The clocks have just moved forward, a move welcomed by many as it heralds longer and hopefully brighter and warmer days (though I do rue the loss of that one hour of sleep!)
And talking about all things to do with time and body clocks, it is interesting that the journal of Pediatric Dermatology published an article recently on the role of the circadian rhythm in atopic dermatitis.
[Vaughn AR, Clark AK, Sivamani RK et al. Circadian rhythm in atopic dermatitis – Pathophysiology and implications for chronotherapy. Pediatr Dermatol 2018;35:152-157.]
What does the article say?
It comments that a rhythmic periodicity has been noticed in skin barrier function, blood flow to the skin, water loss from the skin and grease (sebum) production (amongst other skin parameters.)
[Le Fur I, Reinburg A, Lopez S et al. Analysis of circadian and ultradian rhythms of skin surface properties of face and forearm of healthy women. J Invest Dermatol 2001; 117:718-724.]
Skin blood flow has been shown to increase and peak in the afternoon and late evening and dip again in early morning. A greater skin blood flow has been associated with release of a chemical in the skin called histamine and with itching.
A reduction in sebum production at night time also contributes to night time itching as sebum forms a film on the skin surface which maintains hydration of the skin. It is often noticed by dermatologists that patients comment that itching is worse at night.
[Yosipovitch G, Xiong GL, Haus E et al. Time-dependent variations of the skin barrier function in humans: transepidermal water loss, stratum corneum hydration, skin surface pH, and skin temperature. J Invest Dermatol 1998; 110:20-23.]
But we’re not all itchy at night!
Yes but the implications are that alterations in circadian rhythm might be implicated in the development of atopic dermatitis.
The authors comment that circulating immune cells are under tight circadian control.
It is known that pro-inflammatory cytokines (biological chemicals) peak at night time and anti-inflammatory cytokines peak during the day.
[Besedovsky L, Lange T, Born J. Sleep and immune function.
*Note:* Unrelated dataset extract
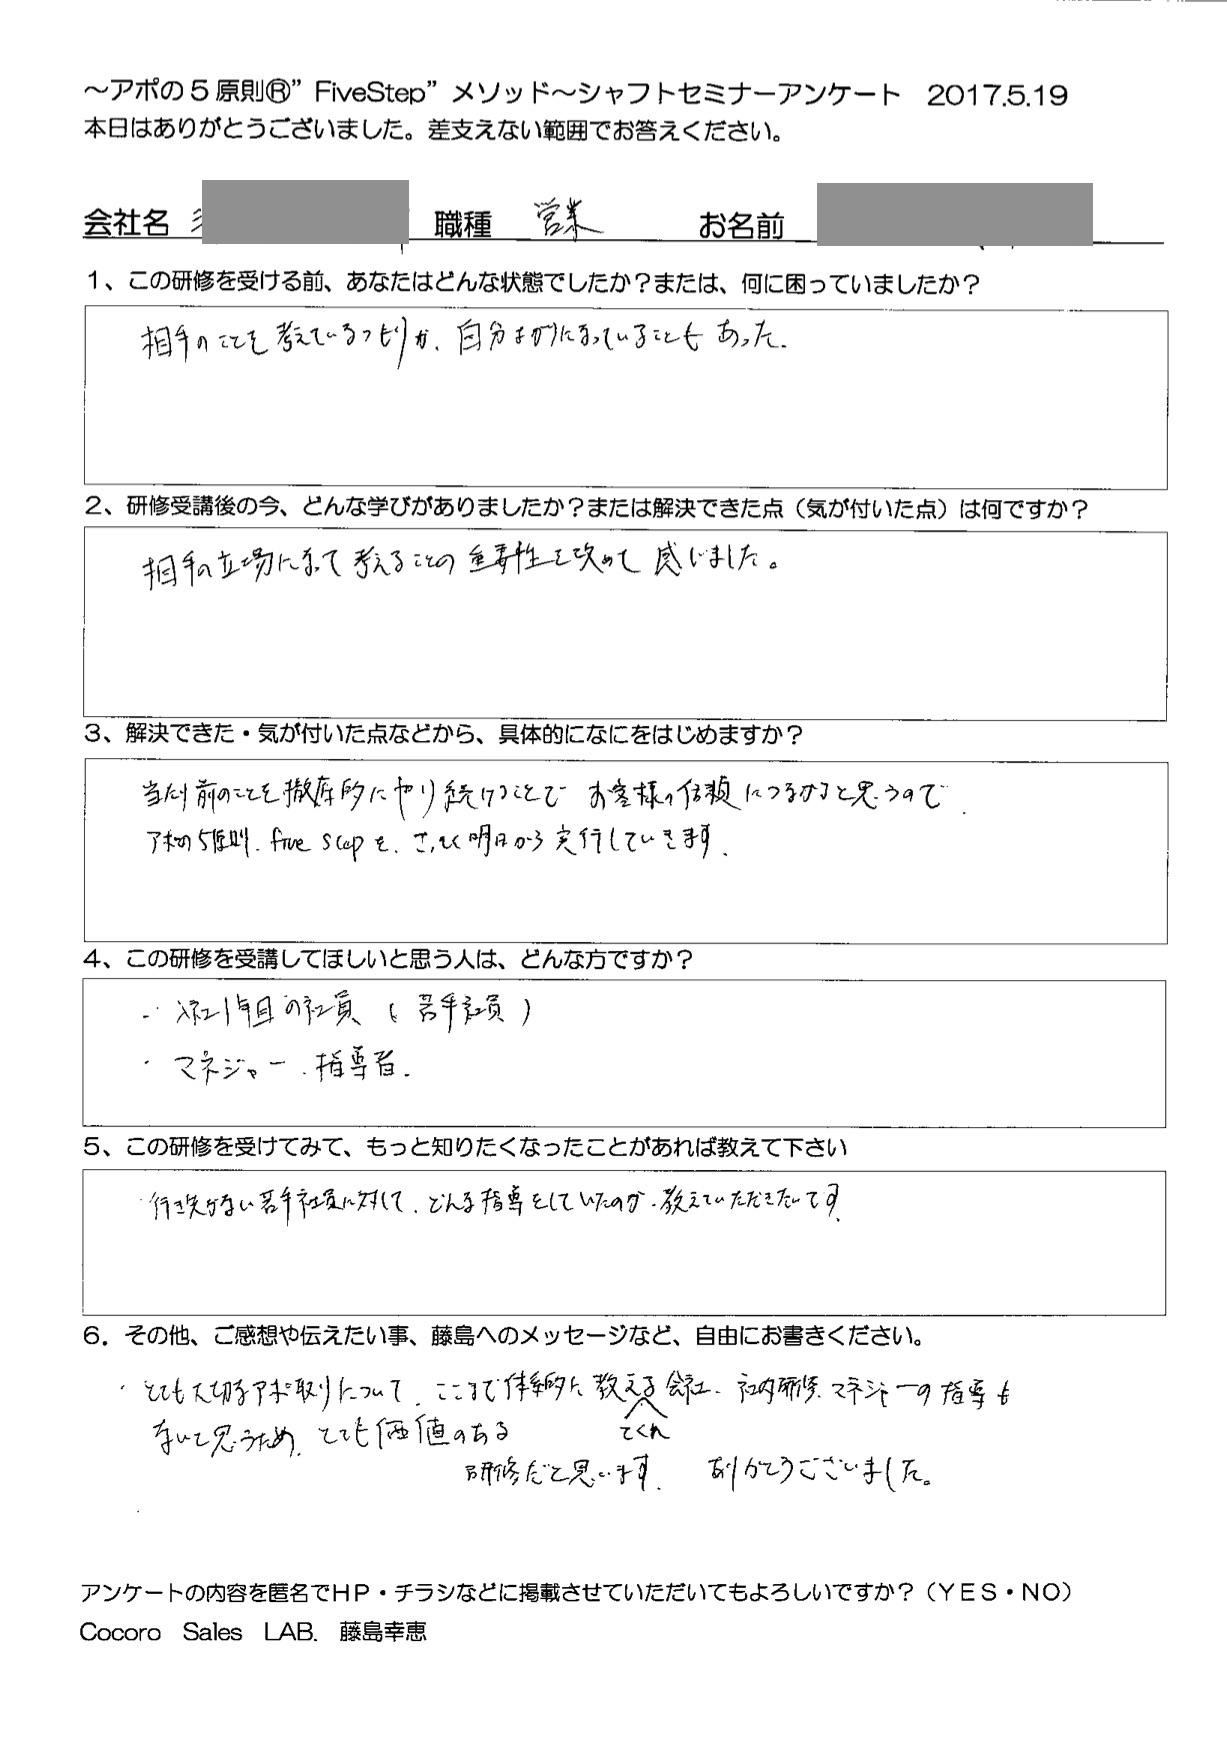 """株式会社シャフト様 fleFP塾特別セミナー 【アポの5原則®""""Five Step""""メソッド】アンケート2"""

Eur J Physiol 2012;462:121-137.]
Patients with atopic dermatitis are also well known to have sleep disturbances, often resulting in problems with concentrating at school or work, daytime sleepiness, behaviour problems and mood disturbances.
Melatonin is one of the hormones involved in sleep regulation and is also secreted in a diurnal pattern with a peak between 2 and 4am followed by a gradual decrease as morning approaches.
One study reported disrupted melatonin secretion in 14 out of 18 children with atopic dermatitis.
[Schwarz W, Birau N, Hornstein OP et al. Alterations of melatonin secretion in atopic eczema. Acta Derm Venereol. 1988;68:224-229.]
Another study in children aged 1-18 years of age with atopic dermatitis who received melatonin supplementation showed an improvement in eczema severity scores in those that received melatonin over those that received the placebo.
[Chang YS, Chou YT, Lee JH et al. Atopic dermatitis, melatonin, and sleep disturbance. Pediatrics 2014;134:e397-e405.]
So how can all this knowledge be used to help eczema patients?
The authors call this ‘chronotherapy’, ie any therapy that utilises the peaks and troughs of the circadian rhythm of a particular condition.
In atopic dermatitis, drugs can be delivered at the optimal time in accordance with the circadian rhythm of the condition.
For example, as skin water loss and skin blood flow are highest in the evening, moisturisers and active topical agents (steroids or calcineurin inhibitors) should be applied at this time to ease penetration into the skin and thereby to deliver maximal therapeutic benefits.
As always, the evidence for use of chronotherapy to treat skin disease is limited and the authors state that more research is needed in this interesting area.
Dr Sandy Flann, Consultant Dermatologist.